La era dorada/ El gris revés
Su debut homónimo publicado en 1976 contabilizaba catorce canciones en menos de media hora, al igual que el que lo sucedió, “Leave Home”. Ignorado y en un principio ridiculizado por el mainstream norteamericano, hay que rescatar el hecho no menor de que fueron recibidos con entusiasmo por el movimiento punk que nacía en Inglaterra.

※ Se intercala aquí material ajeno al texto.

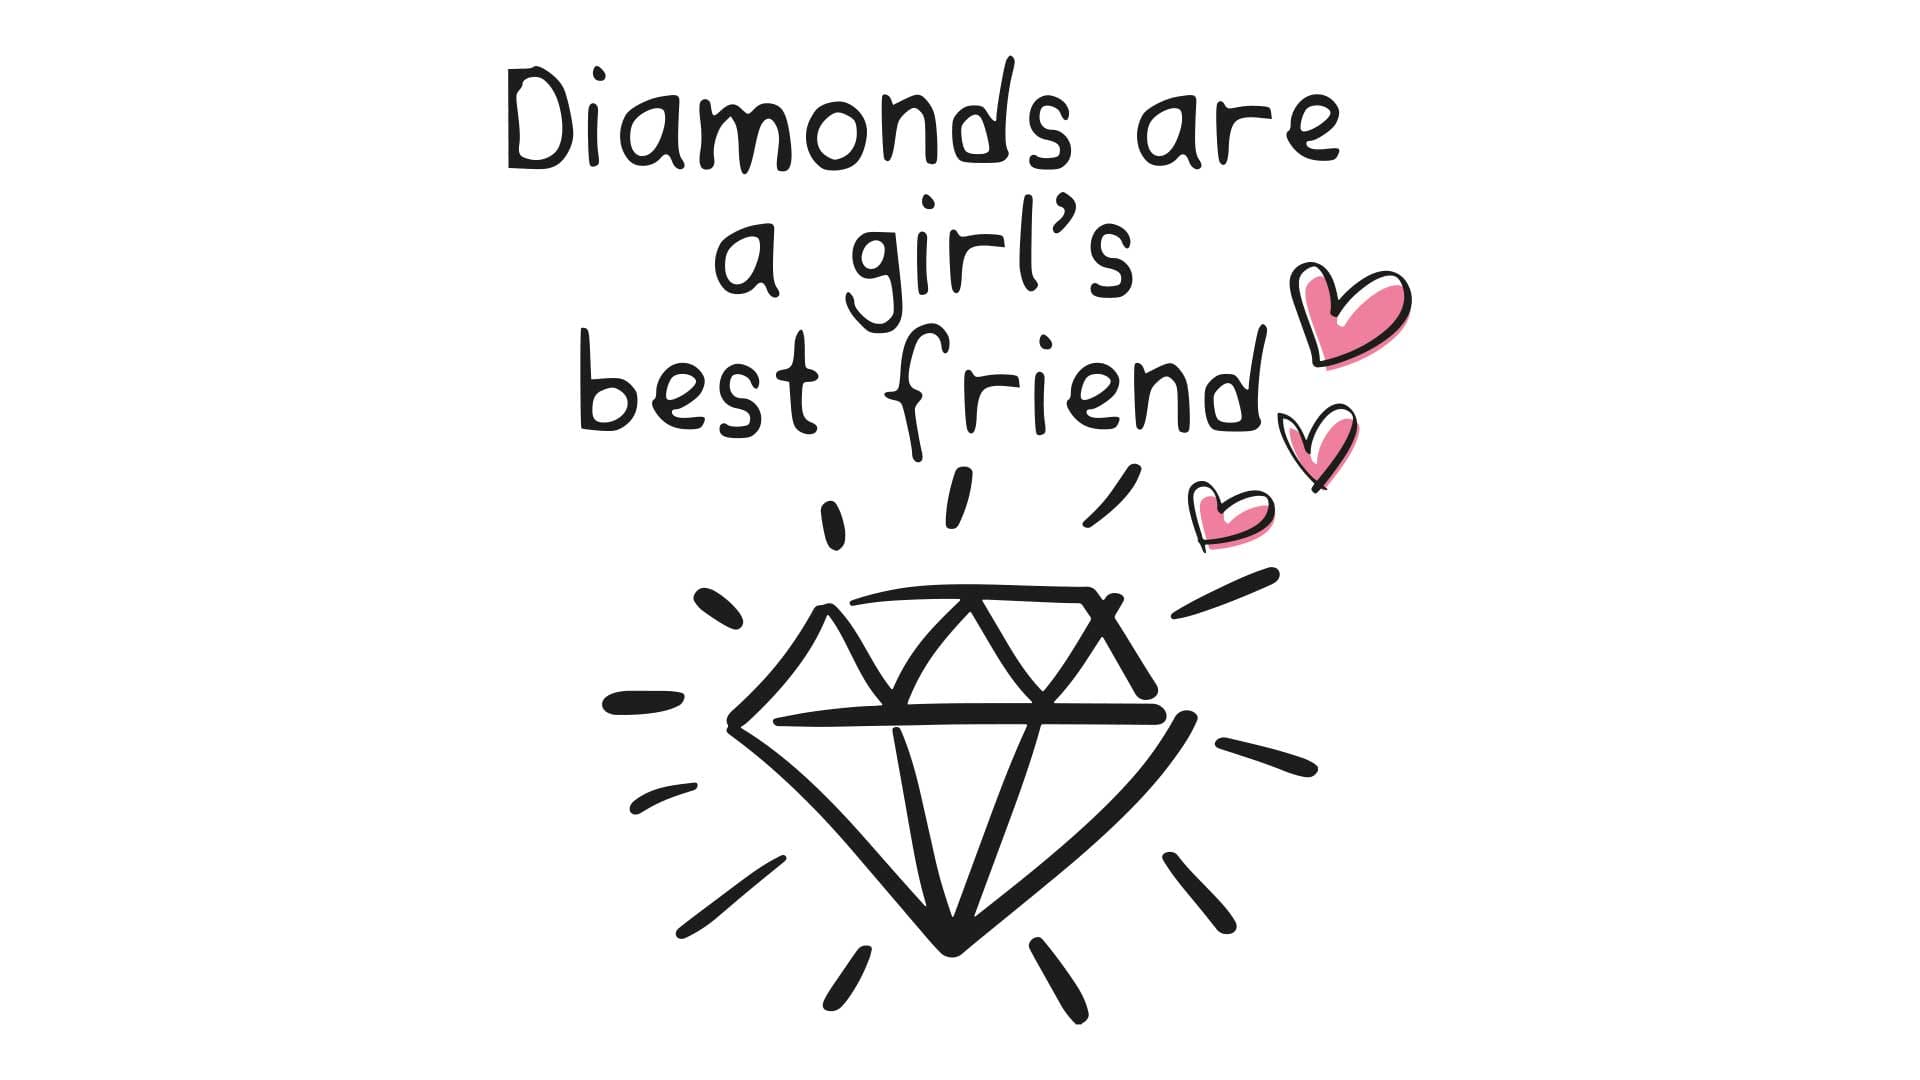 Les diamants sont les meilleurs amis des femmes

En lo íntimo de la banda, después de grabar cuatro discos casi perfectos en los setenta -porque debemos incluir también el “Road to Ruin”- Johnny y Joey llegaron a odiarse. En parte fue un choque de personalidades, con Joey como el liberal hippie que nunca tenía un plan definitivo y Johnny como el punk pragmático y conservador que siempre lo pensaba y controlaba todo. Pero, sobre todo, tuvo que ver con que el guitarrista le quitó la novia al vocalista y acabó casándose con ella. A Johnny le molestaba reducirlo a eso: "No nos llevábamos bien de todas formas. Lo de Linda no ayudó por cierto, pero la verdad es que nunca nos pusimos de acuerdo en nada. Éramos diferentes". Con todo, quizá Johnny fue también quien decidió cuando parar, él quería llegar a los veinte años de carrera y así fue, aunque el quiebre de los noventa se haya debido a situaciones domésticas que, como grupo, terminaron pasándoles la cuenta.

A pesar de todo, Ramones
Los intentos posteriores se enfocaron en ampliar su atractivo con baladas y una producción más pulida, cosa que no cuajó al igual que el papel protagonista de la banda en la película de Roger Corman, “Rock and Roll High School” (1979). Por otro lado, las legendarias sesiones con el productor Phil Spector para el “End of the Century” fueron en lo artístico insatisfactorias y dejaron una marca que luego sería un estándar en la interna del grupo, los choques de personalidad. Durante el resto de los años ochenta y principios de los noventa, lanzaron una serie de álbumes de dudosa repercusión a pesar de que el grupo seguía teniendo mucho arrastre en vivo.

Después de que los Ramones se separaron en 1996, la leyenda cuenta que Johnny vendió sus guitarras y amplificadores y anunció su retiro. Desafortunadamente, los últimos años le hicieron notorio por sus opiniones políticas de rango conservador/derechista: un republicano de toda la vida, expresó su admiración por Richard Nixon e hizo de su discurso en la inducción de la banda para el Rock and Roll Hall of Fame una infame perorata pro George Bush. Sin embargo, eso no perjudicó el legado del grupo.

Como lo definió la revista Rolling Stone en una de sus últimas entrevistas, "el tipo que actuó en dos mil 263 conciertos y grabó 14 discos entre 1976 y 1995, contagiando al mundo de su alegría, a gente que de verdad le necesitaba, lo único que quería a cambio era el dinero suficiente para retirarse. Y lo consiguió, gracias a que supo llevar bien sus negocios y no derrochando jamás”.